Object Detection for Unmanned Aerial Vehicle Camera via Convolutional Neural Networks

The object tracking alongside the image segmentation have recently become a particular significance in satellite and aerial imagery. The latest achievements in this field are closely related to the application of the deep-learning algorithms and, particularly, convolutional neural networks (CNNs). Supplemented by the sufficient amount of the training data, CNNs provide the advantageous performance in comparison to the classical methods based on Viola-Jones or support vector machines. However, the application of CNNs for the object detection on the aerial images faces several general issues that cause classification error. The first one is related to the limited camera shooting angle and spatial resolution. The second one arises from the restricted dataset for specific classes of objects that rarely appear in the captured data.

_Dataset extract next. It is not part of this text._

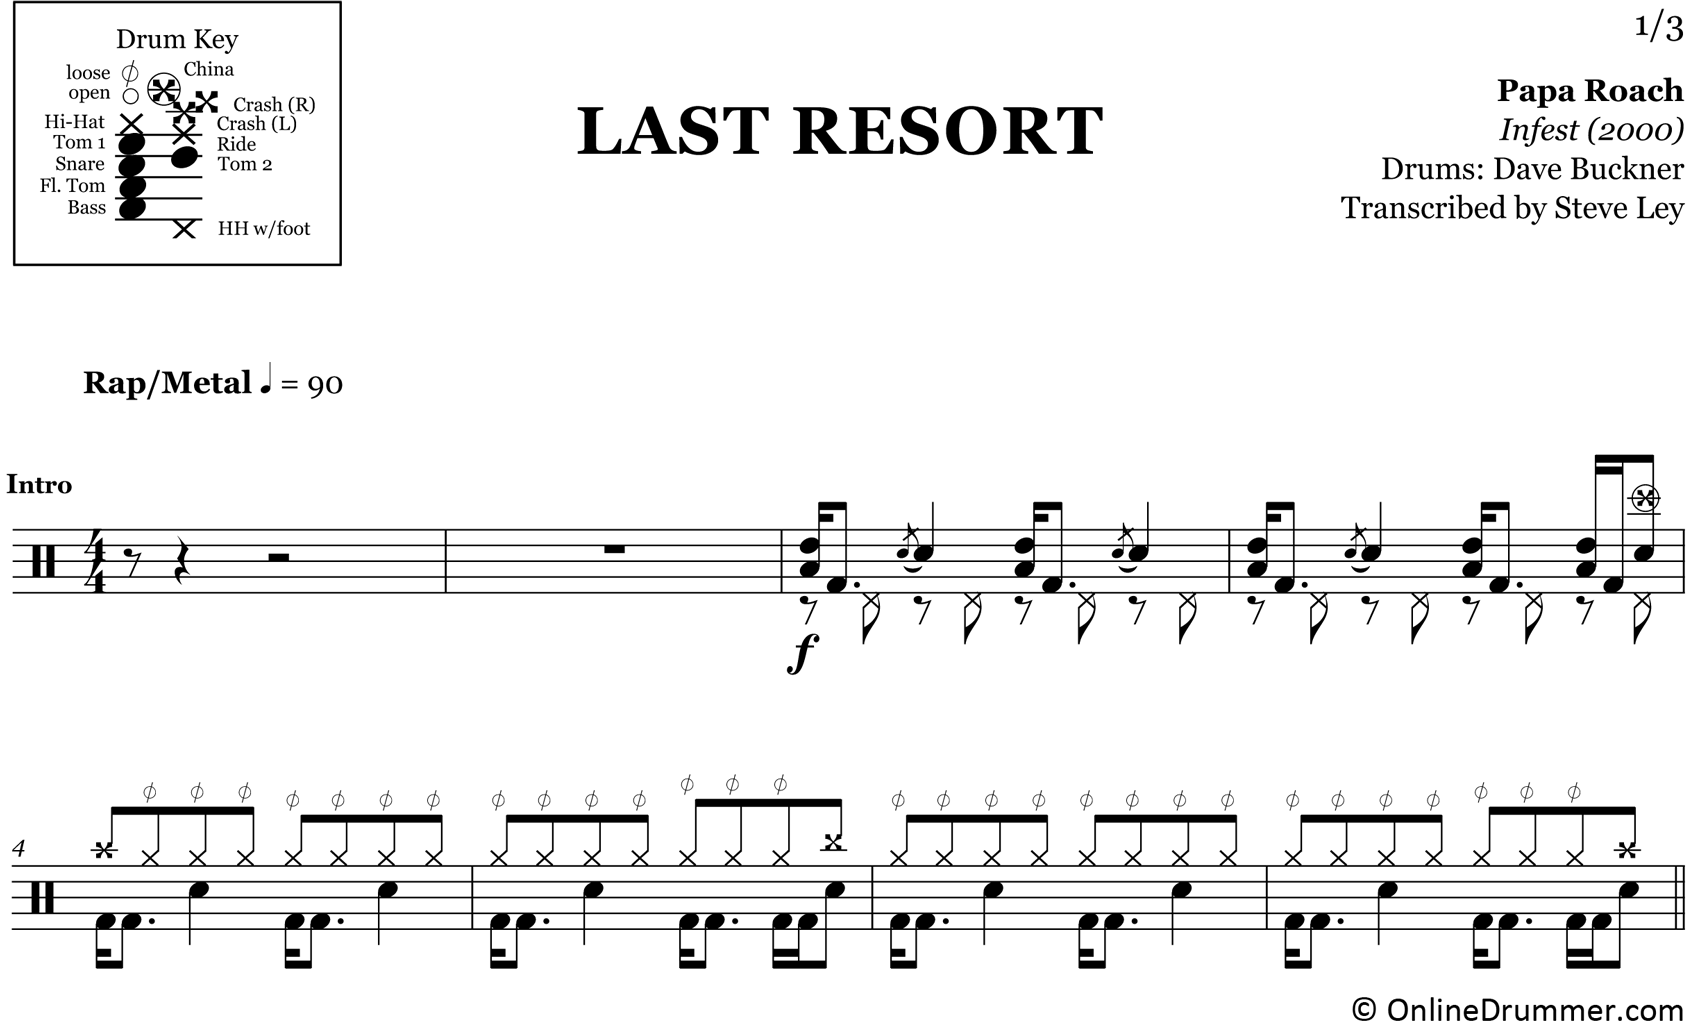 Last Resort - Papa Roach - Drum Sheet Music

This article represents a comparative study on the effectiveness of different deep neural networks for detection of the objects with similar patterns on the images within a limited amount of the pretrained datasets. It has been revealed that YOLO ver. 3 network enables better accuracy and faster analysis than region convolution neural network (R-CNN), Fast R-CNN, Faster R-CNN, and SSD architectures. This has been demonstrated on the example of “Stanford dataset,” “DOTA v-1.5,” and “xView 2018 Detection” datasets. The following metrics on the accuracy have been obtained for the YOLO ver. 3 network: 89.12 mAP (Stanford dataset), 80.20 mAP (DOTA v-1.5), and 78.29 (xView 2018) for testing; and 85.51 mAP (Stanford dataset), 79.28 (DOTA v-1.5), and 79.92 (xView 2018) on validation with the analysis speed of 26.82 frames/s.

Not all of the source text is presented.